Here's a little comparison of the different answers, which is only indicative of course:
set.seed(24)
dat <- data.frame(x=rnorm(1e6))
system.time(dat %>% mutate(x = replace(x, x<0, NA)))
User System elapsed
0.03 0.00 0.03
system.time(dat %>% mutate(x=ifelse(x<0,NA,x)))
User System elapsed
0.30 0.00 0.29
system.time(setDT(dat)[x<0,x:=NA])
User System elapsed
0.01 0.00 0.02
system.time(dat$x[dat$x<0] <- NA)
User System elapsed
0.03 0.00 0.03
system.time(dat %>% mutate(x = "is.na<-"(x, x < 0)))
User System elapsed
0.05 0.00 0.05
system.time(dat %>% mutate(x = NA ^ (x < 0) * x))
User System elapsed
0.01 0.00 0.02
system.time(dat %>% mutate(x = replace(x, which(x<0), NA)))
User System elapsed
0.01 0.00 0.01
(I'm using dplyr_0.3.0.2 and data.table_1.9.4)
Since we're always very interested in benchmarking, especially in the course of data.table-vs-dplyr discussions I provide another benchmark of 3 of the answers using microbenchmark and the data by akrun.
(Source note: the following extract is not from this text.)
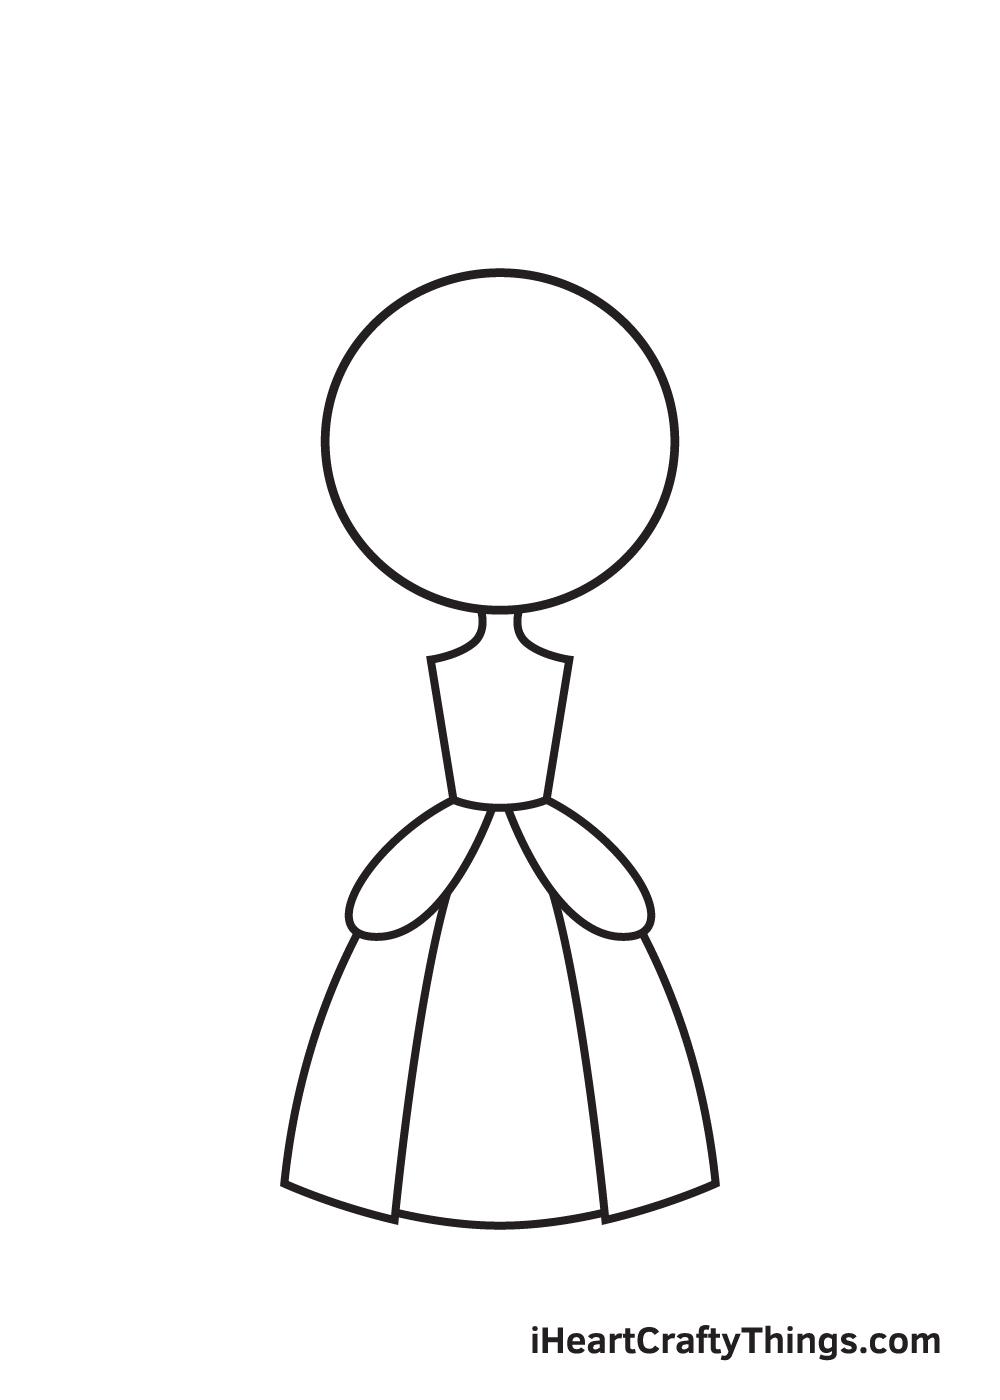 Princess Drawing – Step 4

Note that I modified dplyr1
to be the updated version of my answer:
set.seed(285)
dat1 <- dat <- data.frame(x=sample(-5:5, 1e8, replace=TRUE), y=rnorm(1e8))
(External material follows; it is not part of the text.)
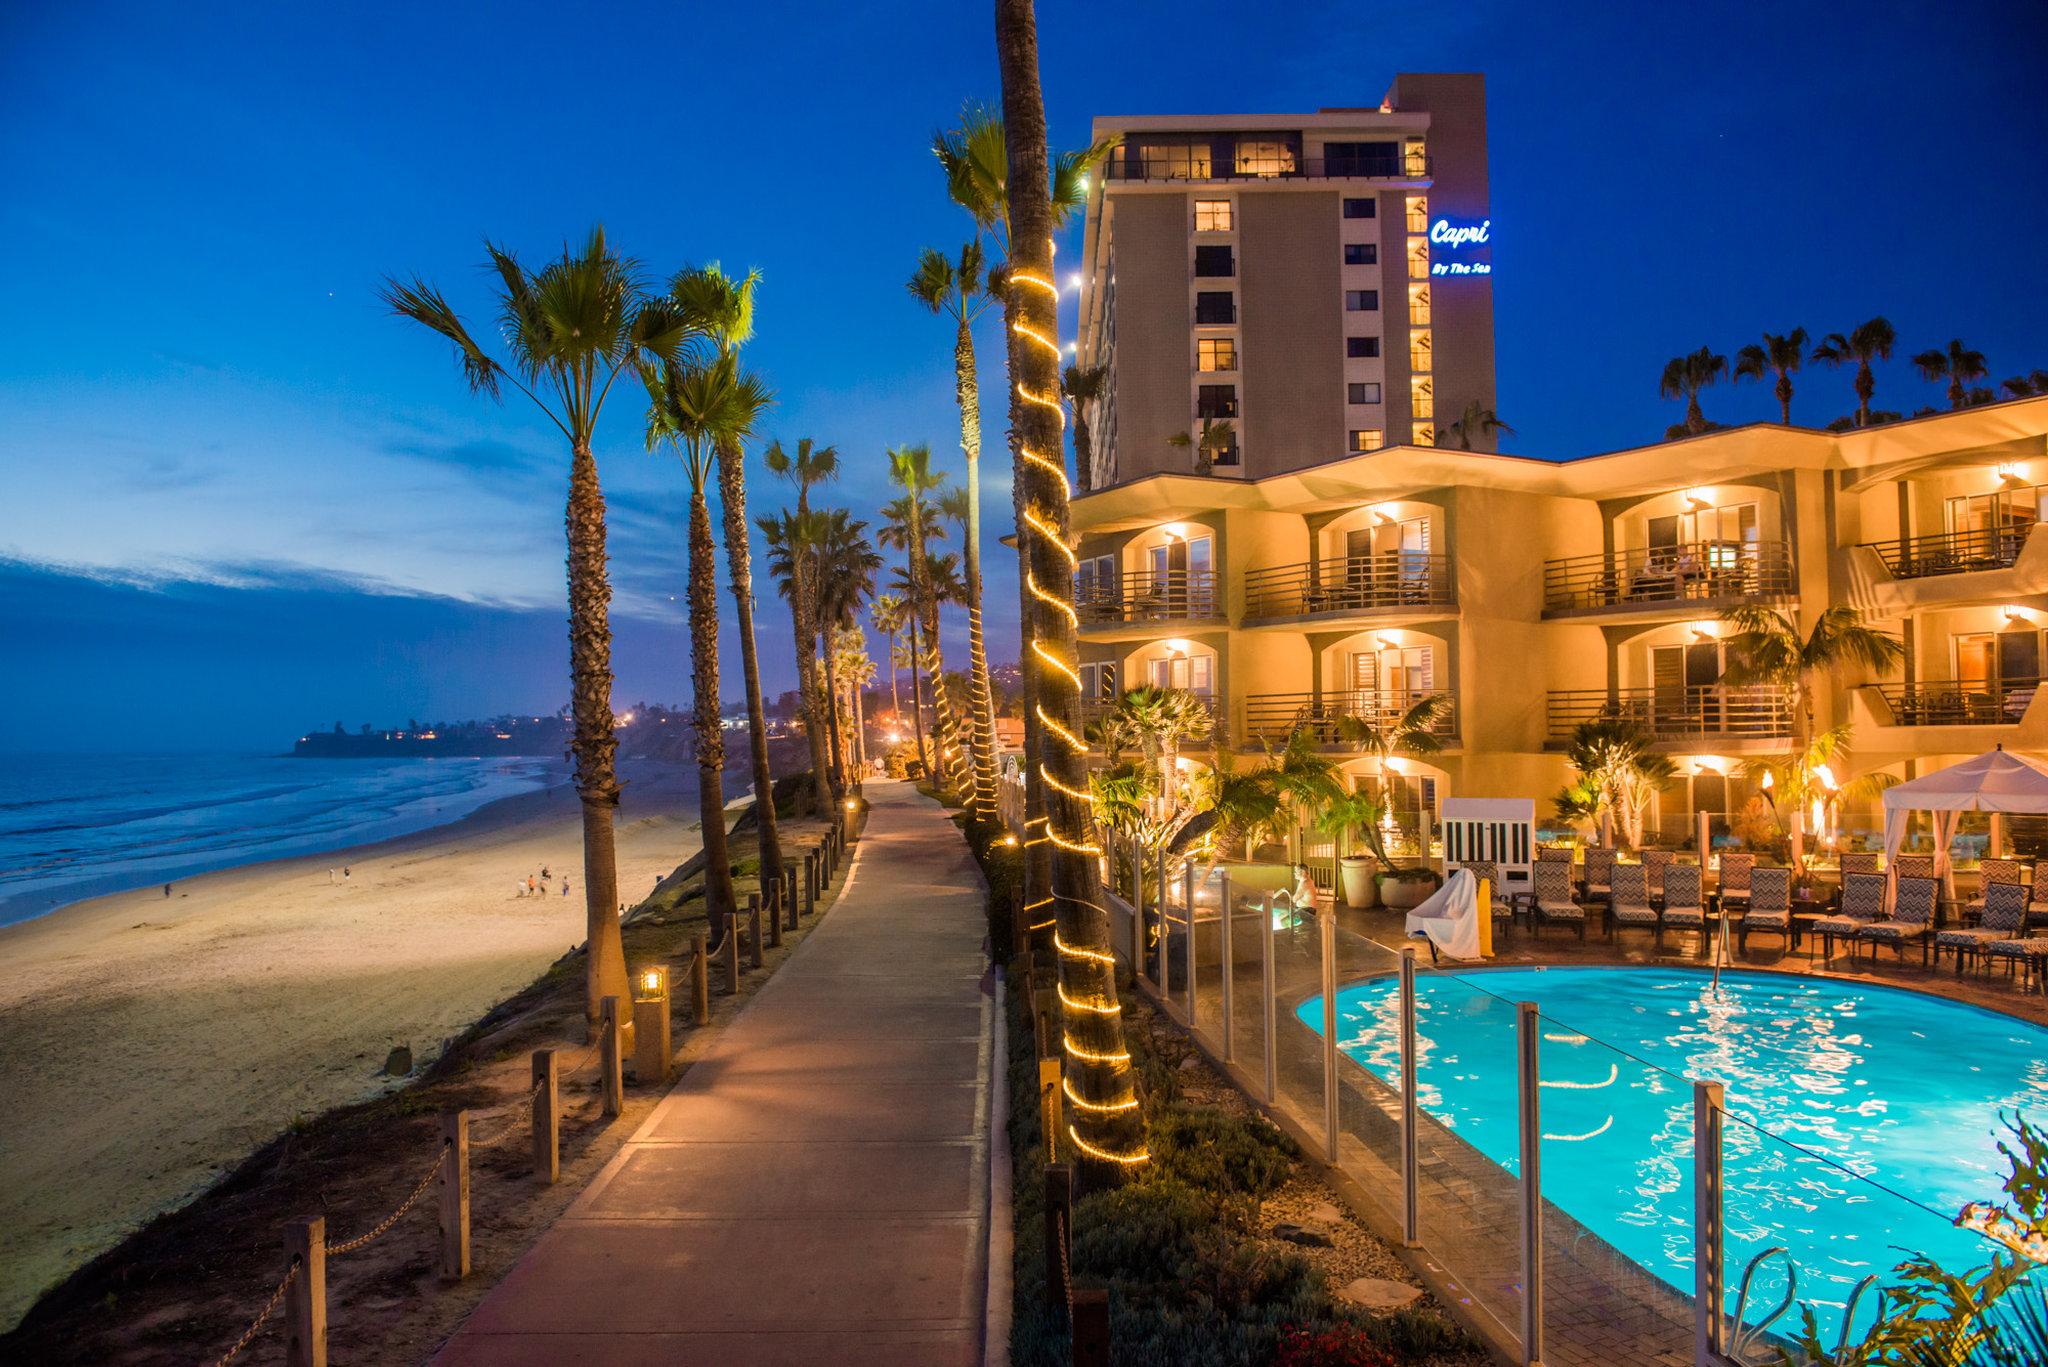 Pacific Terrace Hotel Deals

dtbl1 <- function() {setDT(dat)[x<0,x:=NA]}
dplr1 <- function() {dat1 %>% mutate(x = replace(x, which(x<0L), NA))}
dplr2 <- function() {dat1 %>% mutate(x = NA ^ (x < 0) * x)}
microbenchmark(dtbl1(), dplr1(), dplr2(), unit='relative', times=20L)
#Unit: relative
# expr min lq median uq max neval
# dtbl1() 1.091208 4.319863 4.194086 4.162326 4.252482 20
# dplr1() 1.000000 1.000000 1.000000 1.000000 1.000000 20
# dplr2() 6.251354 5.529948 5.344294 5.311595 5.190192 20
The most natural approach in dplyr is to use the na_if
function.
For one variable:
dat %<>% mutate(x = na_if(x, x < 0))
For all variables:
dat %<>% mutate_all(~ na_if(., . < 0))
If interested in replacing a specific value, instead of a range for all variables:
dat %<>% mutate_all(na_if, 0)
Note that I am using the %<>%
operator from the magrittr
package.
Using replace
directly on the x
column and not using mutate
also works.
dat$x <- replace(dat$x, dat$x<0, NA)
You can use the is.na<-
function:
dat %>% mutate(x = "is.na<-"(x, x < 0))
Or you can use mathematical operators:
dat %>% mutate(x = NA ^ (x < 0) * x)
If you are using data.table
, the below code is faster
library(data.table)
setDT(dat)[x<0,x:=NA]
Using data.table_1.9.5
and dplyr_0.3.0.9000
library(microbenchmark)
set.seed(285)
dat <- data.frame(x=sample(-5:5, 1e7, replace=TRUE), y=rnorm(1e7))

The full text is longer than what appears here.